The conversation on social media right now is heavy, and for good reason. When we hear the NAACP and the Congressional Black Caucus (CBC) sounding the alarm about a “devastating blow” to the Voting Rights Act, the natural reaction is defensive. We know the history, we know the sacrifice, and we know what happens when this country decides Black political power is “too much.”
But we have to be able to hold two truths at once. We can be protective of our rights while being honest about what those rights have actually bought us lately.
The Reality of the Map vs. The Reality of the Vote
The headlines make it sound like your right to walk into a booth and cast a ballot has been erased. It hasn’t. In Louisiana v. Callais, the Supreme Court didn’t strike down your vote; they struck down a specific map where race was the “dominant factor” in how the lines were drawn.
The CBC is calling it a “Trump Court” attack, and while the legal stakes are high — with estimates that up to 20 CBC members could lose their seats — we have to ask the question that Judge Joe Brown recently raised: What has materially changed for the people living inside those “protected” districts?
Representation Doesn’t Always Equal Results
For sixty years, we’ve fought for majority-minority districts to act as a “shield” for our interests. But in many cases, that shield has turned into a tool for politicians to guarantee safe seats for themselves while the communities inside those lines remain in crisis:
- Baltimore: As recently as 2024, over 275,000 homes still needed lead pipe inspections, and the city’s public school system has required water fountains to be shut off since 2002 due to lead contamination — with only 11 of 170 schools having filtration systems.
- Detroit: In August 2024, children were sent home early because school buildings lacked adequate cooling, even as the district faces some of the deepest federal funding cuts in the country.
- New Orleans: The city’s Black population has declined by more than 120,000 people since Katrina. Black residents were systematically shortchanged by the Road Home rebuilding program, which gave people in wealthier, predominantly white neighborhoods more of what they needed to fully rebuild. The districts were “protected” by the map, but the people weren’t protected from being priced out or left behind.
Breaking the “Loyalty Tax”
The narrative we’re fed is simple: Democratic maps are “protection” and Republican maps are “suppression.” But both parties have been caught red-handed using gerrymandering to serve their own interests rather than the voters. In Maryland and New York, courts have thrown out maps drawn by Democrats for being “extreme partisan gerrymandering” — drawn with “impermissible partisan purpose” in violation of their own state constitutions.

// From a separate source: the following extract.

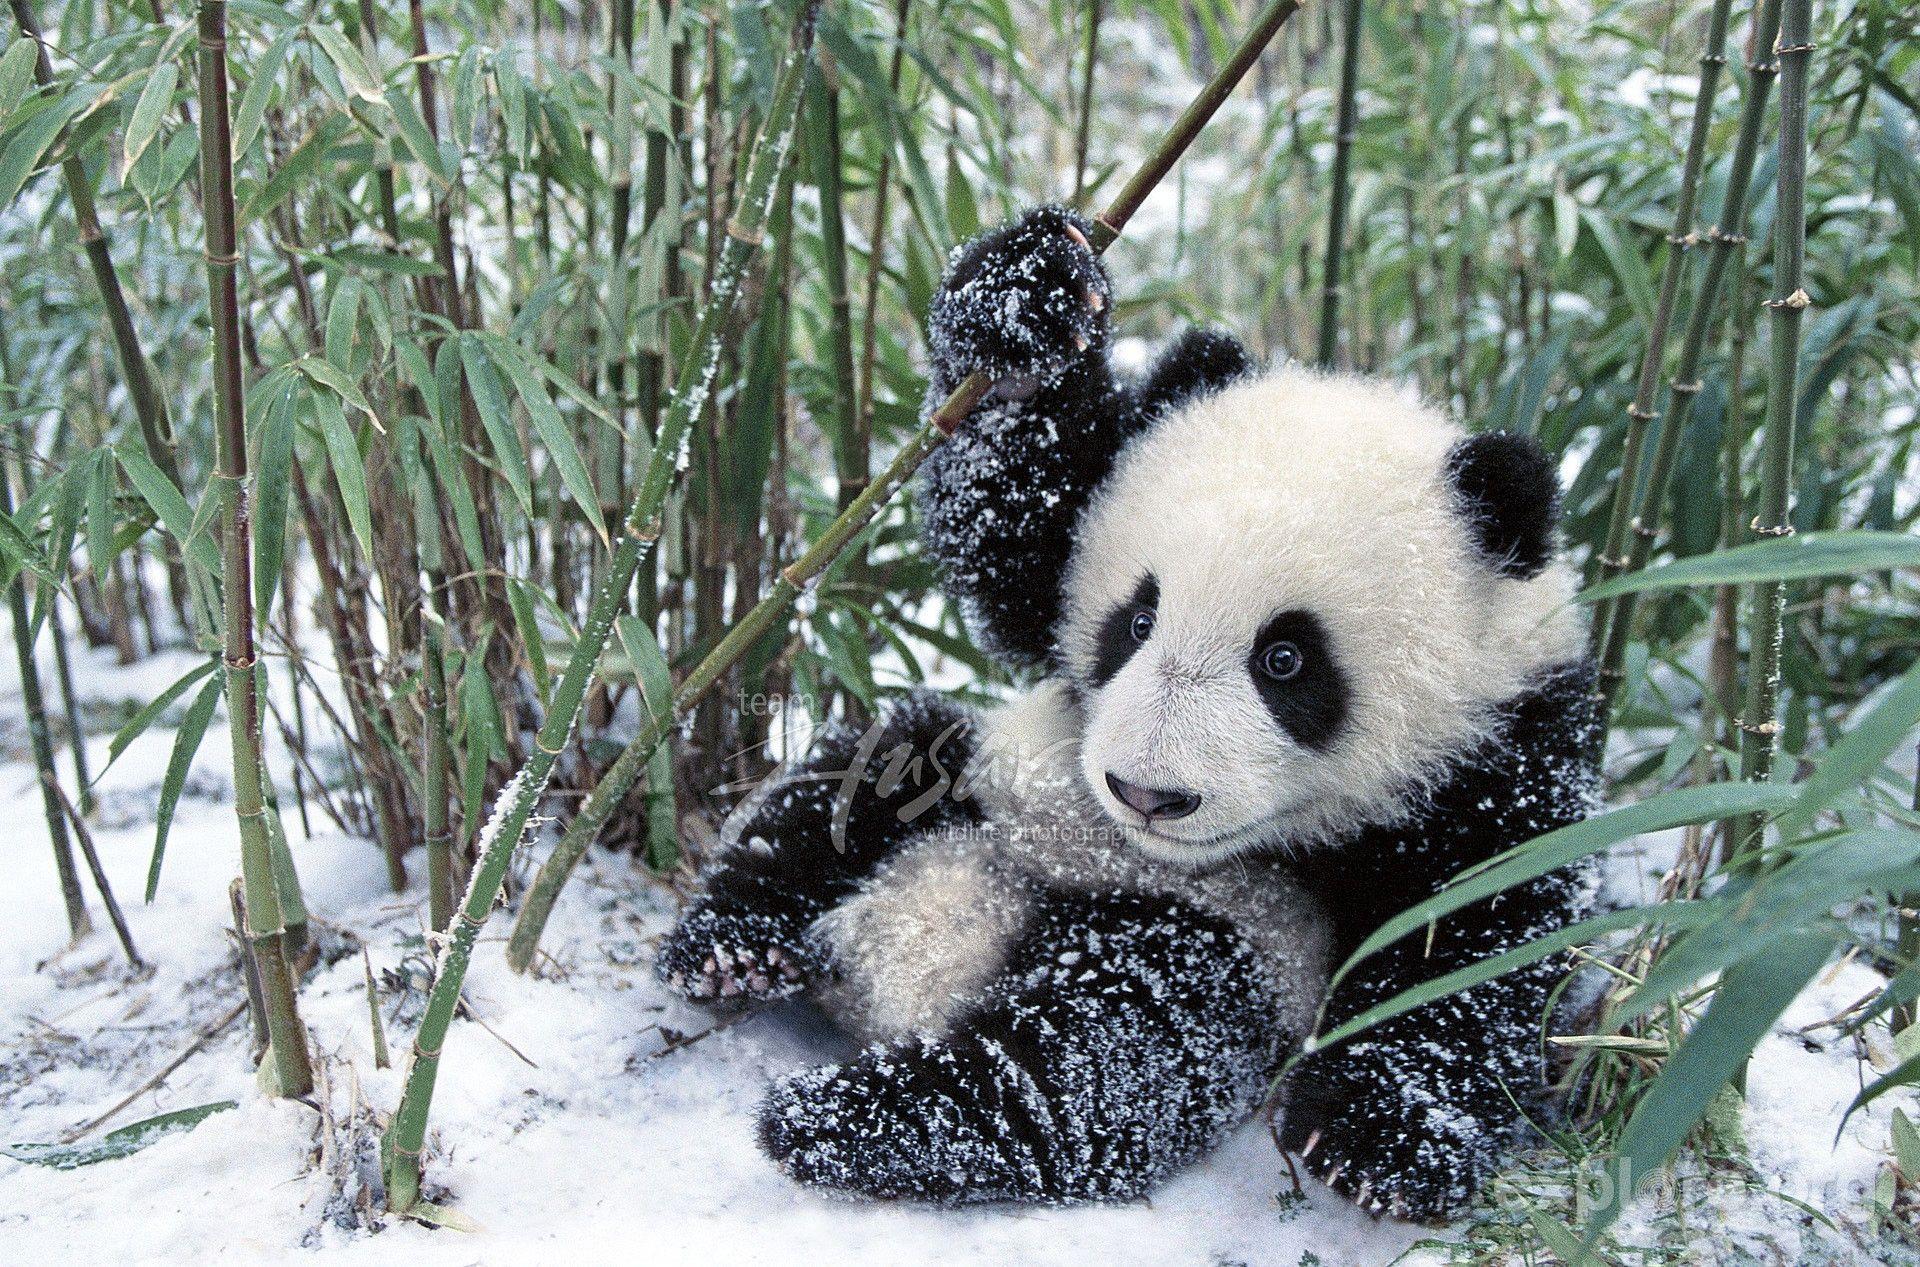 Panda Cubs in Snow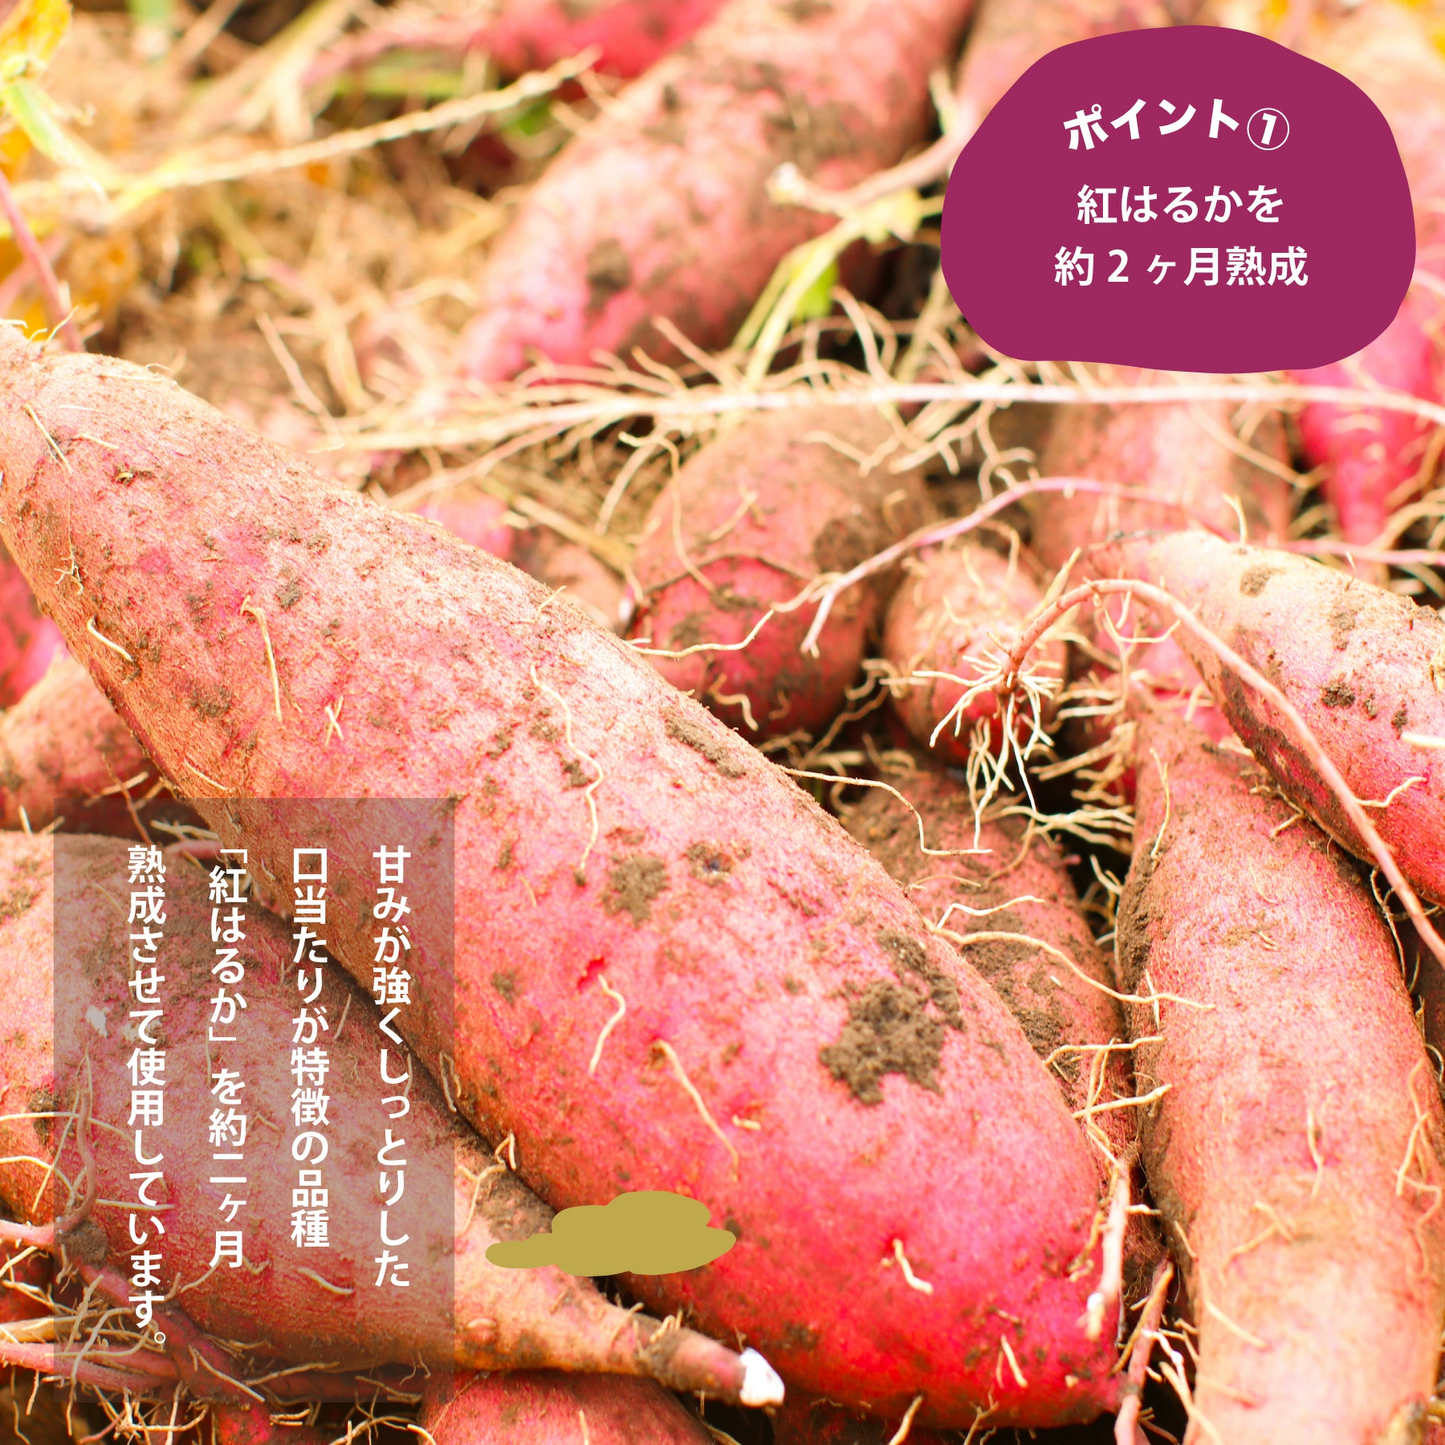 鹿児島県産熟成紅はるか使用 紅はるか丸干し 干し芋 220g

When we are told that our only choice is to defend a map that hasn’t fixed our water, our schools, or our streets, we are paying a loyalty tax. We are giving our votes in exchange for representation on paper, but we aren’t seeing the results in our daily lives.
Cynicism vs. Citizenship
Democracy doesn’t just cry when a map changes; it cries when a representative goes quiet the moment governing begins.

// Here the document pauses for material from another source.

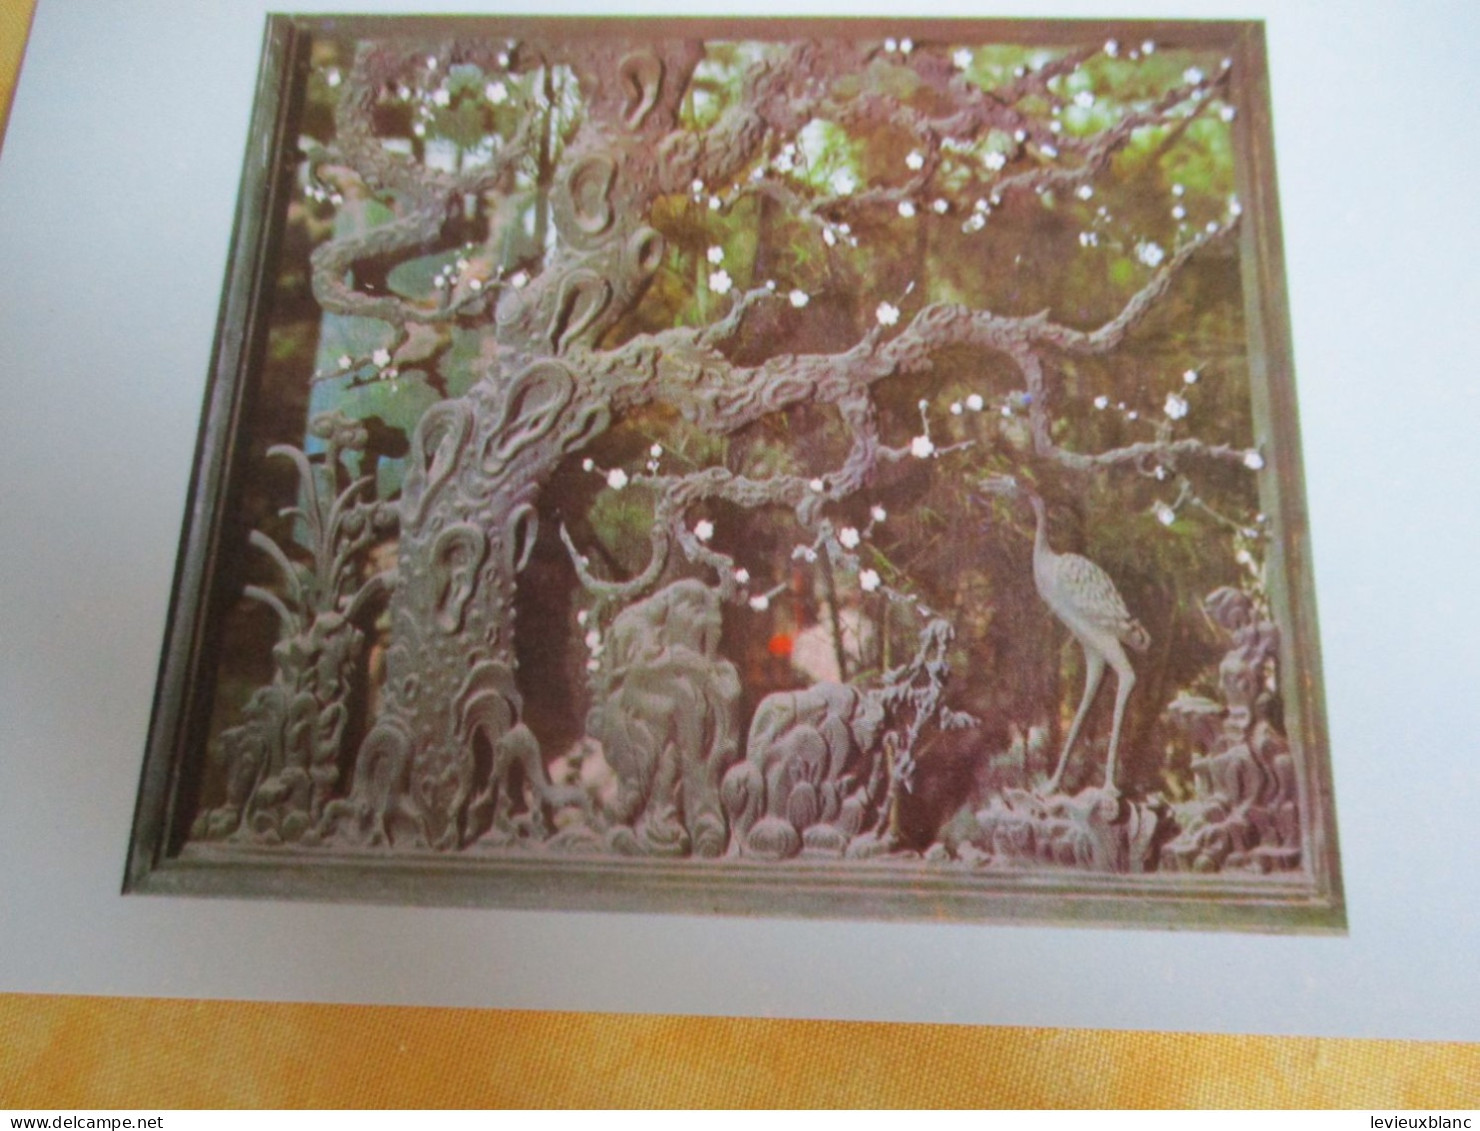 12 cartes postales anciennes/YU Garden / Shangaï / République Populaire de Chine / 1979     JAP54

Your anger is justified, and the history of the VRA is written in blood that must be honored. But honoring that sacrifice means more than just voting for the person who screams about “voter suppression” the loudest every two years. It means demanding that Black representation actually delivers Black results — in policy, in investment, and in outcomes.
Demanding an accounting for your vote isn’t being a cynic — it’s being a citizen.
And Black America has always deserved the best of both.